L.A. Controller Ron Galperin released a review this week about the more than 1,000 active or idle oil and gas wells within the City of Los Angeles. The Controller’s special review touches on three main themes: (1) Protecting Angelenos’ public safety and health, (2) Protecting taxpayers’ financial interests and (3) increasing transparency. The review lays out a plan for officials to take a more proactive, inclusive approach to inspect the 780 active and 287 idle wells while also ensuring total accountability for the 4,063 wells that are plugged and abandoned or buried. The report, recommendations and a map illustrating all oil and gas wells within the City of Los Angeles, which were provided by the California Department of Conservation, Division of Oil, Gas and Geothermal Resources (DOGGR) database as of April 2018, can be found at www.lacontroller.org/oilandgasreview.
“We cannot wait until disaster strikes to take a more wide-ranging look at how we can protect Los Angeles and ensure total accountability for taxpayers.” L.A. Controller Ron Galperin said. “With so many active or idle wells throughout many L.A. neighborhoods, it’s vital that we do everything possible to protect Angelenos’ health and safety, the taxpayers’ financial interests and increase transparency.”
The history of Los Angeles is intertwined with the rise of oil and gas drilling as oil discoveries near present-day Dodger Stadium led to a population boom and production, by 1930, of one-quarter of the world’s oil supply. Even as production tapered off, concerns about drilling remain.
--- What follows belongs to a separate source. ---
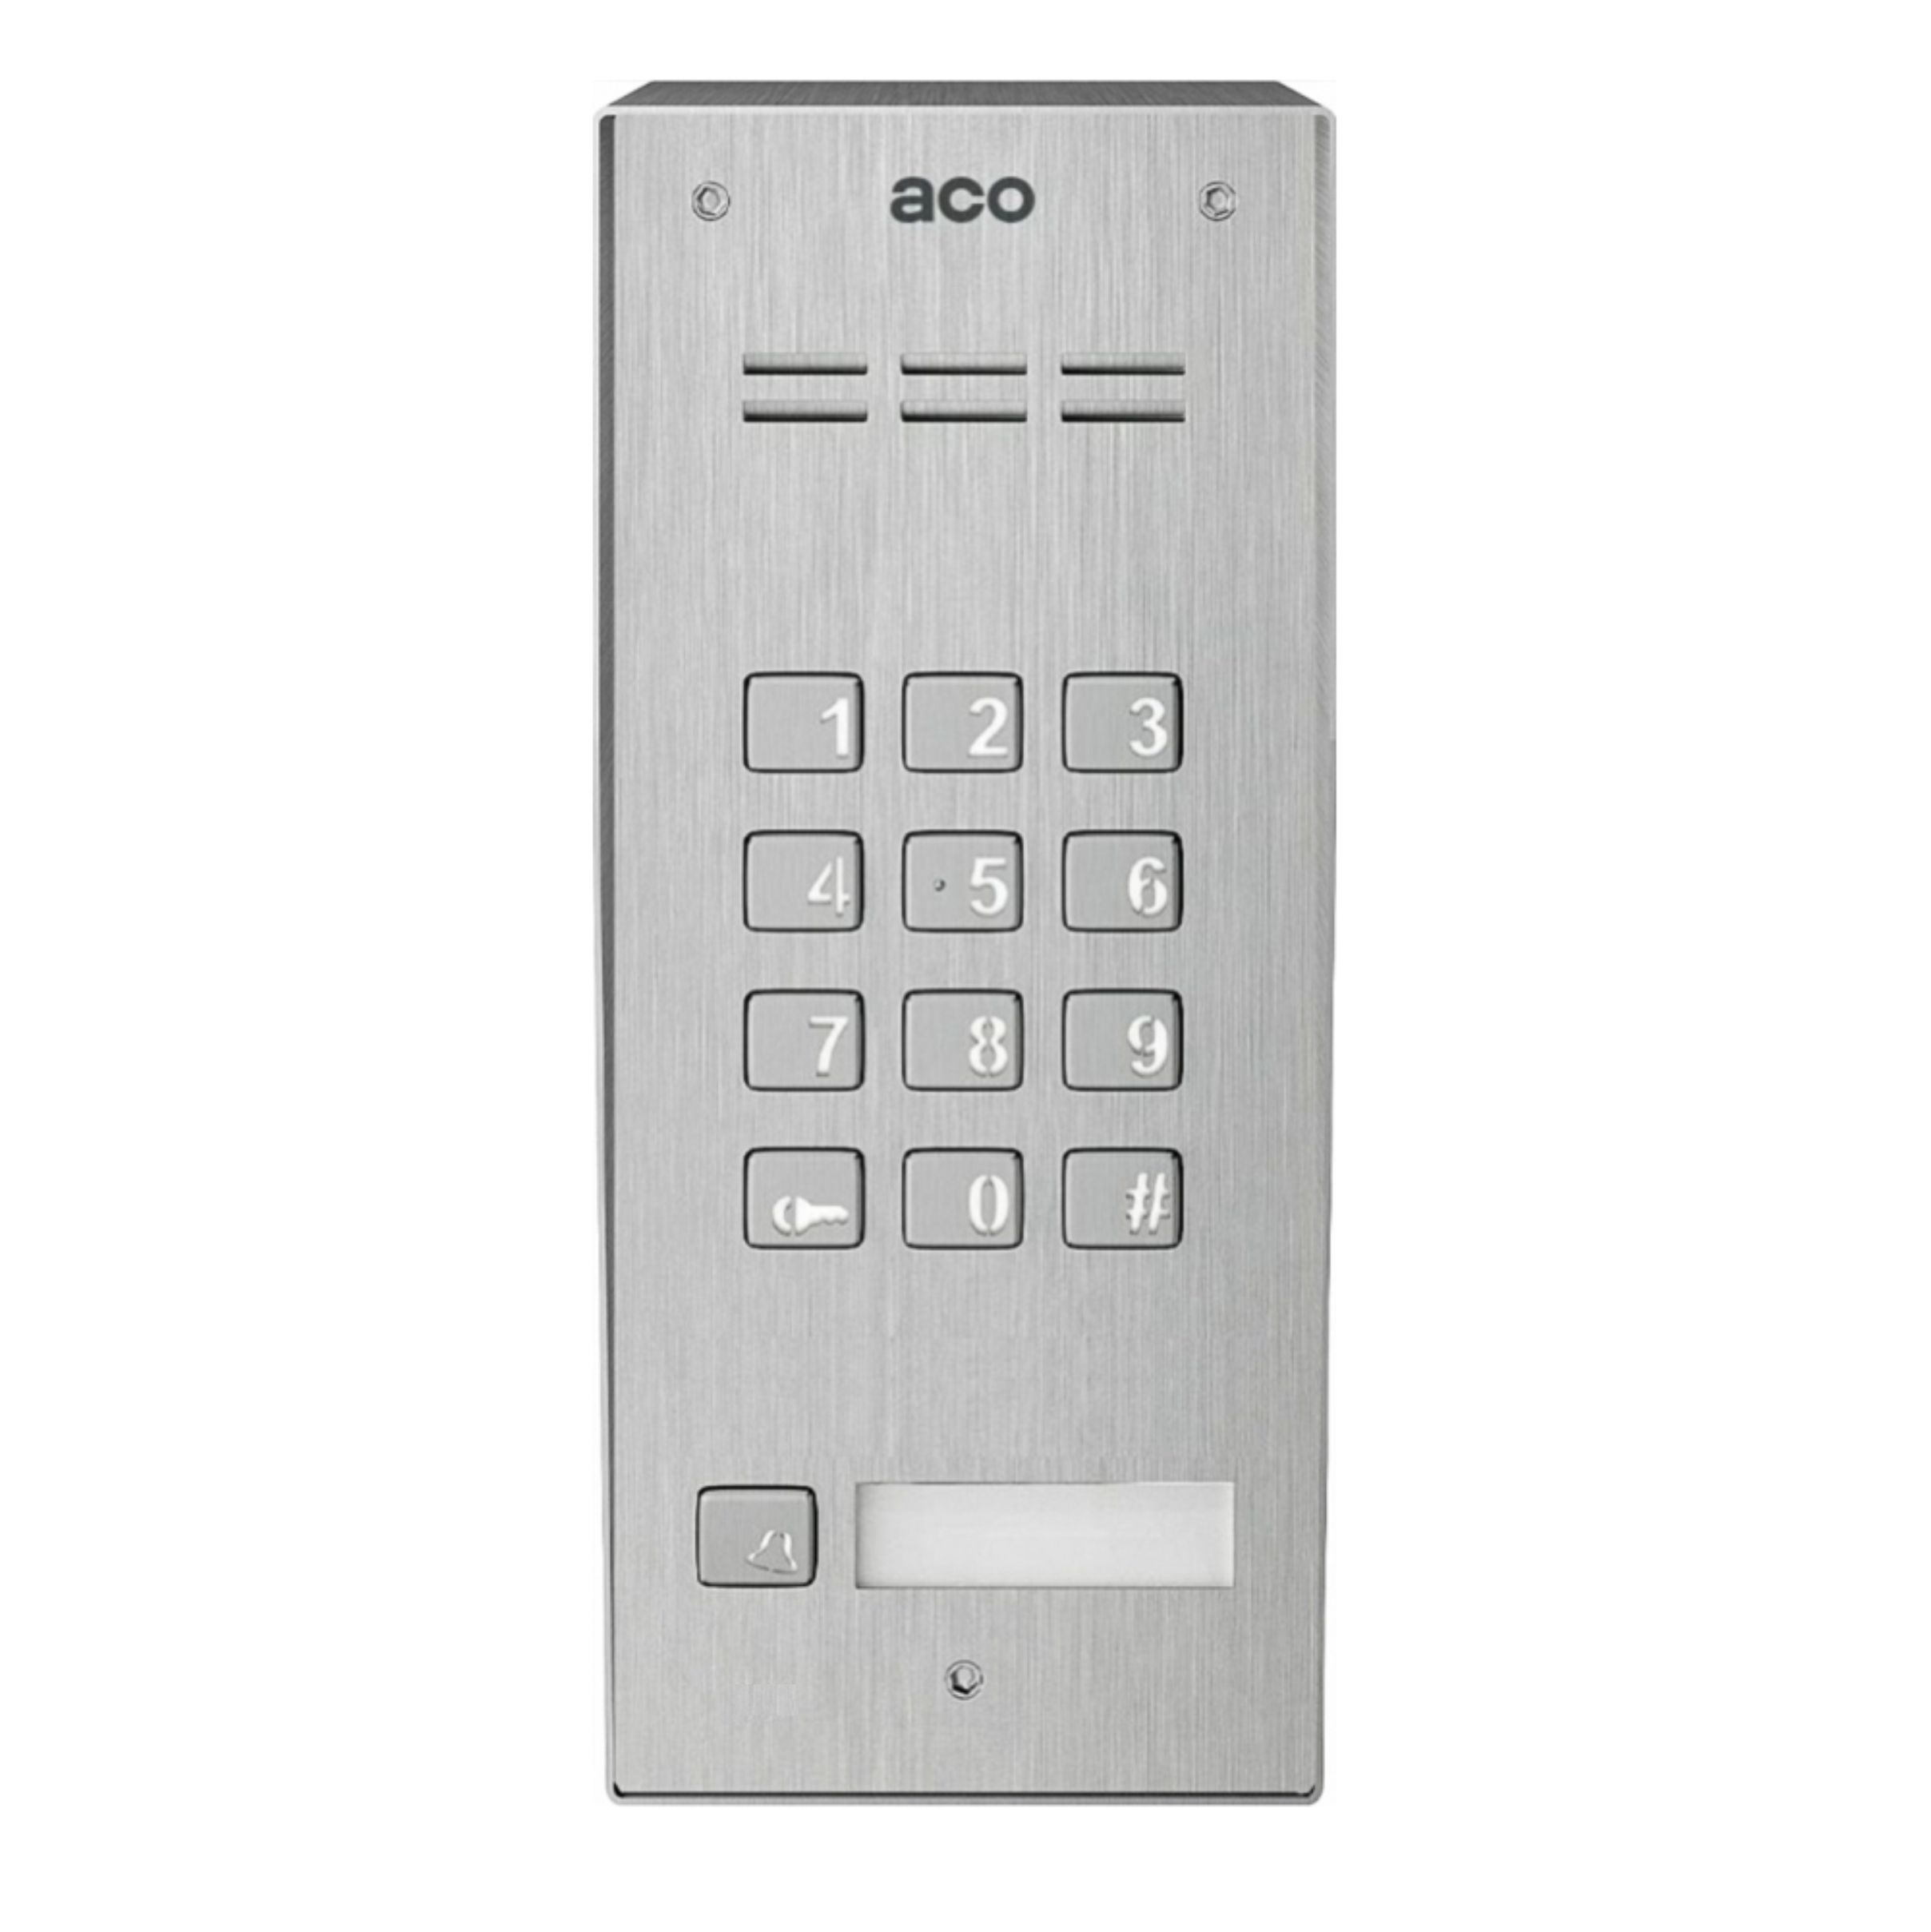 FAM-P-1NPZSACC NT Digital door entry panel with key fob reader, code lock and 1 button

Recently, the City demonstrated its commitment to improving local control of oil and gas drilling by appointing a Petroleum Administrator and creating the Office of Petroleum and Natural Gas Administration and Safety in 2016.
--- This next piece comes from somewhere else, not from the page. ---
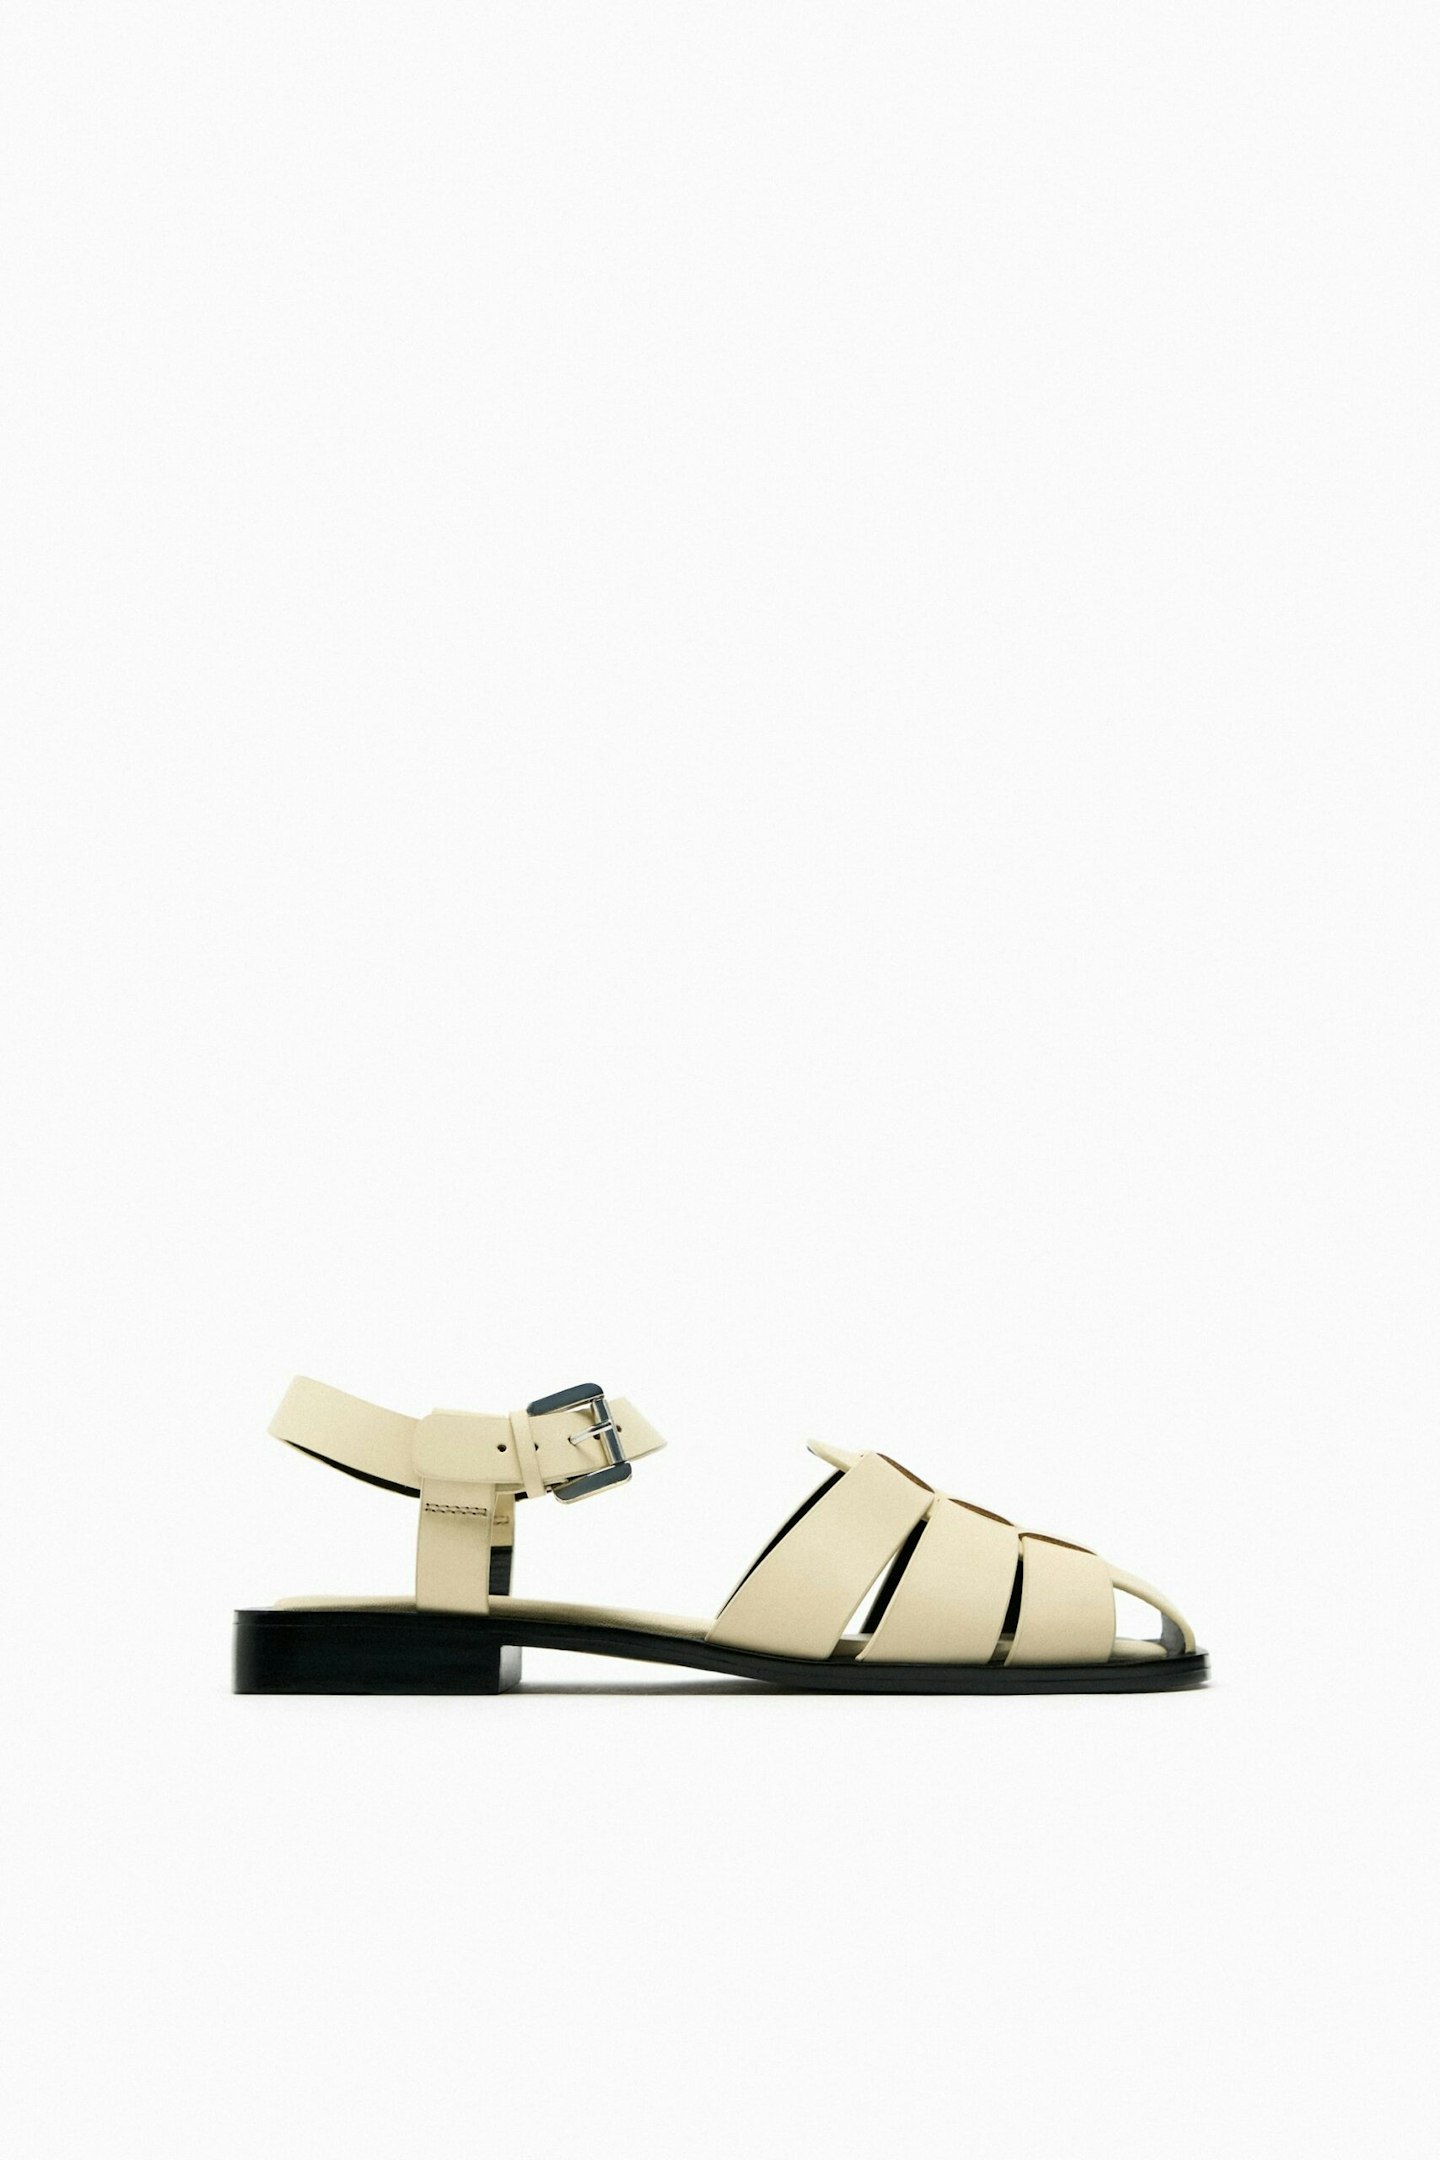 Zara, Flat Leather Cage Sandals

That appointment was a good move, but there is more officials can do to consider a more public-health focused path and take a deliberate, data rich approach to protect public safety, establish priorities and make policy decisions that reflect the unique risks associated with oil and gas drilling within our large urbanized City.
“I want to thank Controller Galperin for this comprehensive audit of the City of Los Angeles’ oil and gas drilling sites,” said Uduak-Joe Ntuk, the City’s Petroleum Administrator. “These findings and recommendations will strengthen our collective progress within the city to modernize, centralize, and provide 21st century oversight of our petroleum administration function.”
In the review, the Controller recommends a slew of changes, including:
Refining the City’s oil and gas well inspection program to enhance interdepartmental collaboration while also implementing a risk-based approach to site evaluation;
Requiring that all well operators obtain, maintain and show proof of adequate insurance coverage;
Building a centralized repository of interagency and interdepartmental information;
Requiring operators of oil and gas drilling sites to provide the City’s Office of Petroleum and Natural Gas Administration and Safety with timely information.